Here are the steps to follow to enact the Enterprise Manager Cloud Control sizing methodology:

  1. If you have not already installed Enterprise Manager Cloud Control, choose a rough starting host configuration as listed in Table 13-1.

  2. Periodically evaluate your site's vital signs (detailed later).

  3. Eliminate bottlenecks using routine DBA/Enterprise Manager administration housekeeping.

  4. Eliminate bottlenecks using tuning.

  5. Extrapolate linearly into the future to plan for future sizing requirements.

Step one need only be done once for a given deployment. Steps two, three, and four must be done, regardless of whether you plan to grow your Enterprise Manager Cloud Control site, for the life of the deployment on a regular basis. These steps are essential to an efficient Enterprise Manager Cloud Control site regardless of its size or workload. You must complete steps two, three, and four before you continue on to step five. This is critical. Step five is only required if you intend to grow the deployment size in terms of monitored targets. However, evaluating these trends regularly can be helpful in evaluating any other changes to the deployment.

Step 1: Choosing a Starting Platform Cloud Control Deployment

For information about choosing a starting platform Cloud Control deployment, see Overview of Sizing Guidelines.

Step 2: Periodically Evaluating the Vital Signs of Your Site

This is the most important step of the five. Without some degree of monitoring and understanding of trends or dramatic changes in the vital signs of your Enterprise Manager Cloud Control site, you are placing site performance at serious risk. Every monitored target sends data to the Management Repository for loading and aggregation through its associated Management Agent. This adds up to a considerable volume of activity that requires the same level of management and maintenance as any other enterprise application.

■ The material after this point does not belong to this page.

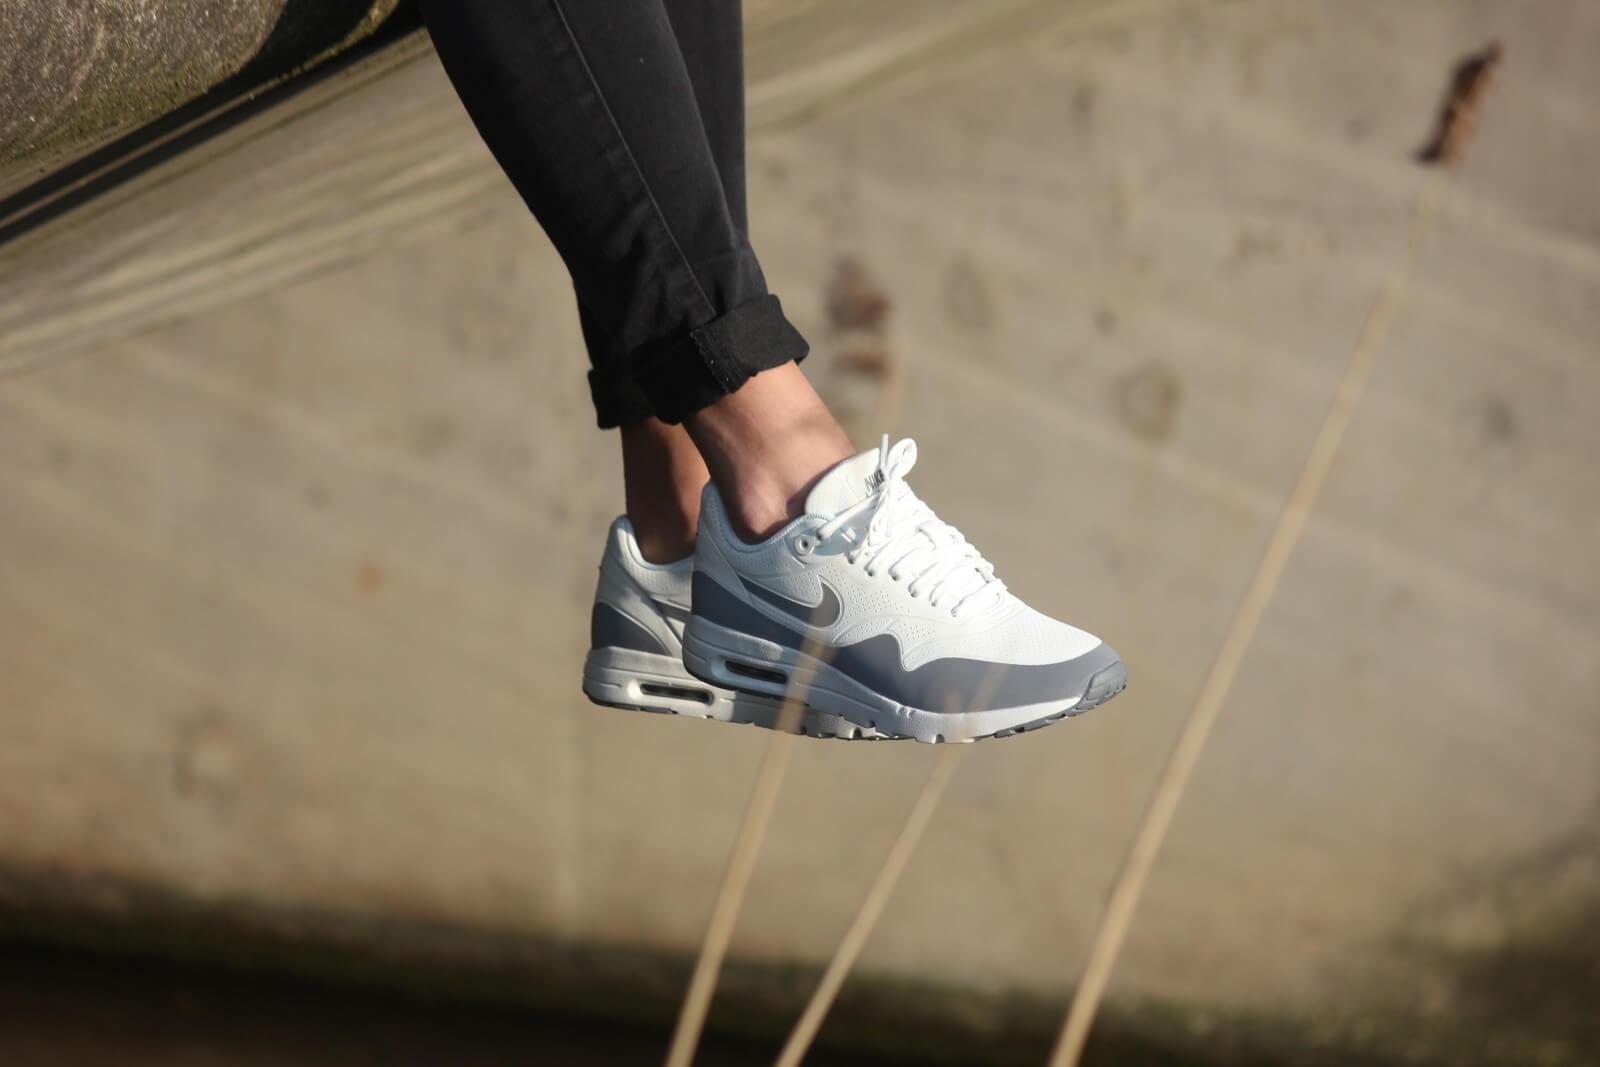 Nike WMNS Air Max 1 Ultra Moire Summit White Grey Metallic 704995 101

Enterprise Manager has "vital signs" that reflect its health. These vital signs should be monitored for trends over time as well as against established baseline thresholds. You must establish realistic baselines for the vital signs when performance is acceptable. Once baselines are established, you can use built-in Oracle Enterprise Manager Cloud Control functionality to set baseline warning and critical thresholds. This allows you to be notified automatically when something significant changes on your Enterprise Manager site. The following table is a point-in-time snapshot of the Enterprise Manager Cloud Control vital signs for two sites:

Module Metrics EM Site 1 EM Site 2
Site URL
emsite1.acme.com emsite2.acme.com




Target Counts Database Targets 192 (45 not up) 1218 (634 not up)

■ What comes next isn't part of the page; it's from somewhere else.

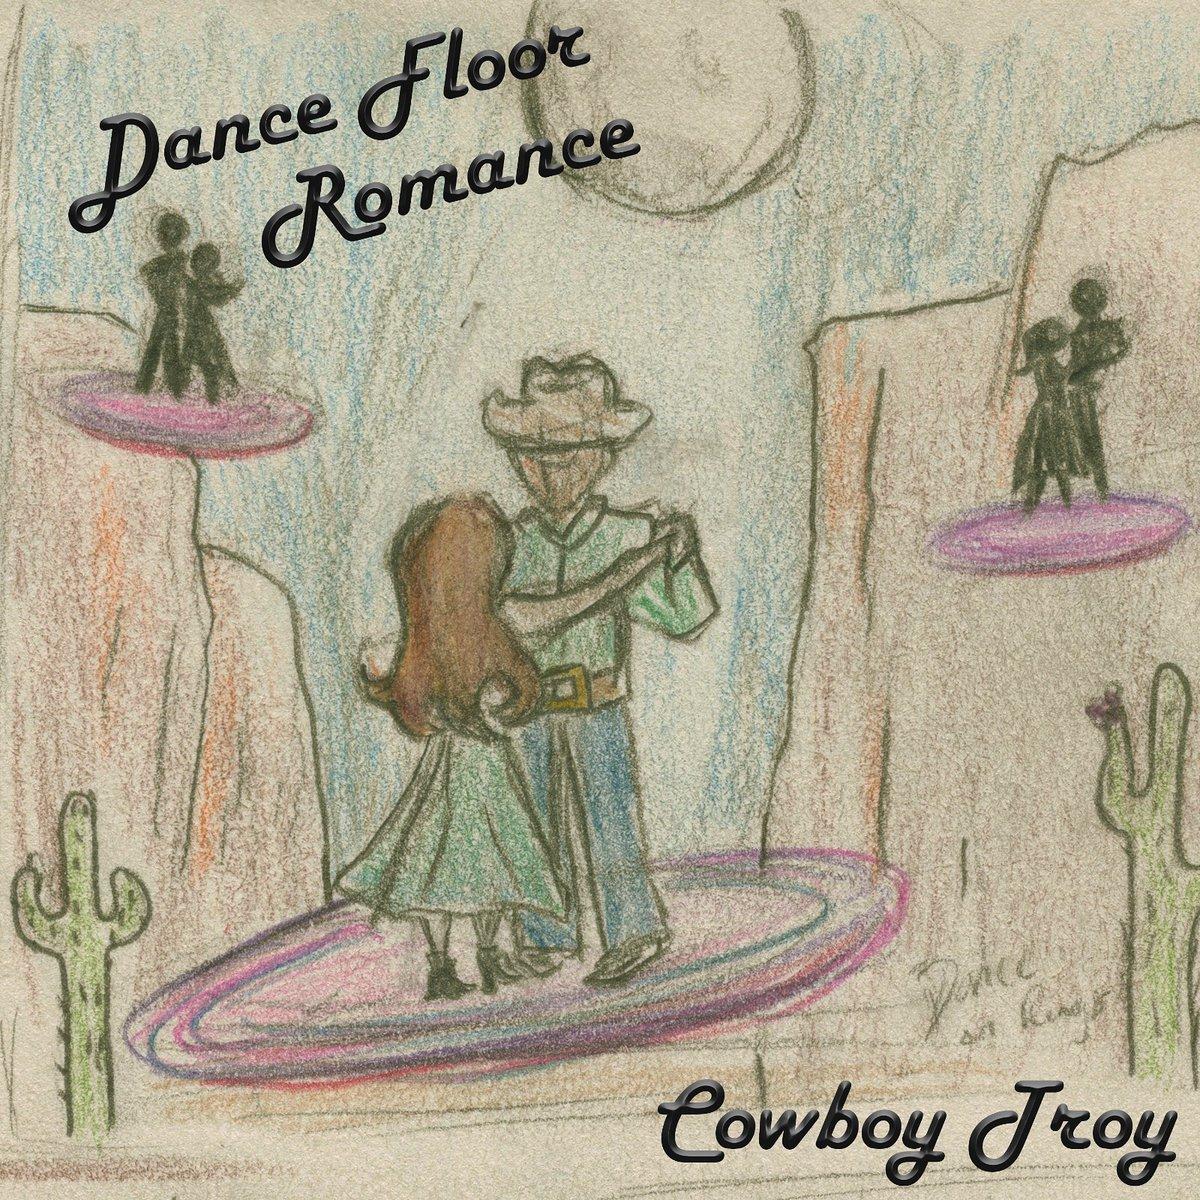 #NowStreaming #DanceFloorRomance

Host Targets 833 (12 not up) 1042 (236 not up)





Total Targets 2580 (306 not up) 12293 (6668 not up)




Loader Statistics Loader Threads 6 16

Total Rows/Hour 1,692,000 2,736,000

Rows/hour/load/thread 282,000 171,000

Rows/second/load thread 475 187

Percent of Hour Run 15 44




Rollup Statistics Rows per Second 2,267 417

Percent of Hour Run 5 19




Job Statistics Job Dispatchers 2 4

Job Steps/second/dispatcher 32 10




Event Statistics Events Processed (last hour) 536 1,100




Management Service Host Statistics Average % CPU (Host 1) 9 (emhost01) 13 (emhost01)

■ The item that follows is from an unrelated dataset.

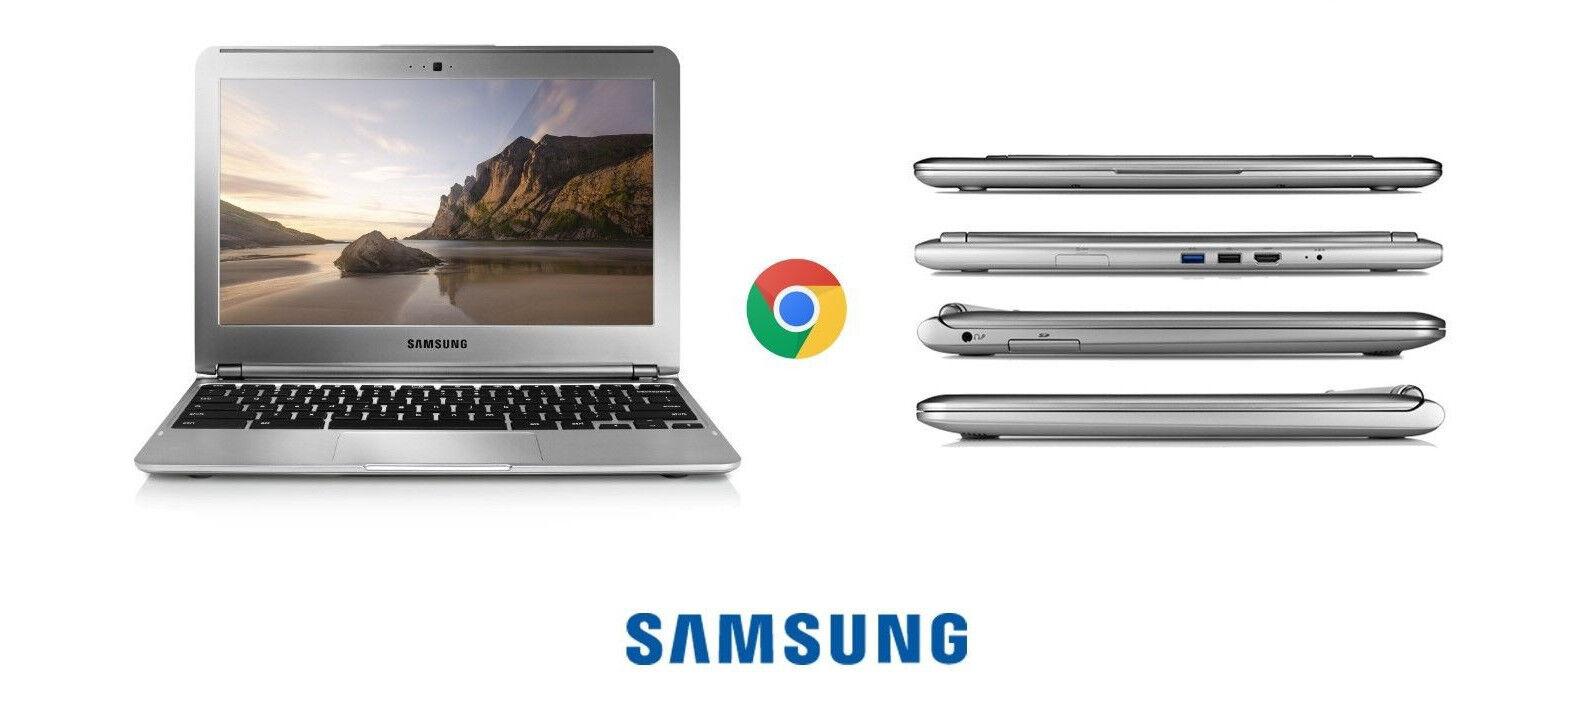 LOT OF 4 pcs SAMSUNG Google Chromebook 11.6 Laptop 1.7GHz XE303C12 screen issues

Average % CPU (Host 2) 6 (emhost02) 17 (emhost02)

Average % CPU (Host 3) N/A 38 (em6003)

Average % CPU (Host 4) N/A 12 (em6004)

Number of CPUs per host 2 X 2.8 (Xeon) 4 X 2.4 (Xeon)

Memory per Host (GB) 6 6




Management Repository Host Statistics Average % CPU (Host 1) 12 (db01rac) 32 (em6001rac)

Average % CPU (Host 2)


Average % CPU (Host 3)


Average % CPU (Host 4)


Number of CPUs per host


Buffer Cache Size (MB)


Memory per Host (GB) 6 12

Total Management Repository Size (GB) 56 98

RAC Interconnect Traffic (MB/s) 1 4

Management Server Traffic (MB/s) 4 4

Total Management Repository I/O (MB/s) 6 27




Enterprise Manager UI Page Response/Sec Home Page 3 6

All Host Page 3 30+

All Database Page 6 30+

Database Home Page 2 2

Host Home Page 2 2

The two Enterprise Manager sites are at the opposite ends of the scale for performance.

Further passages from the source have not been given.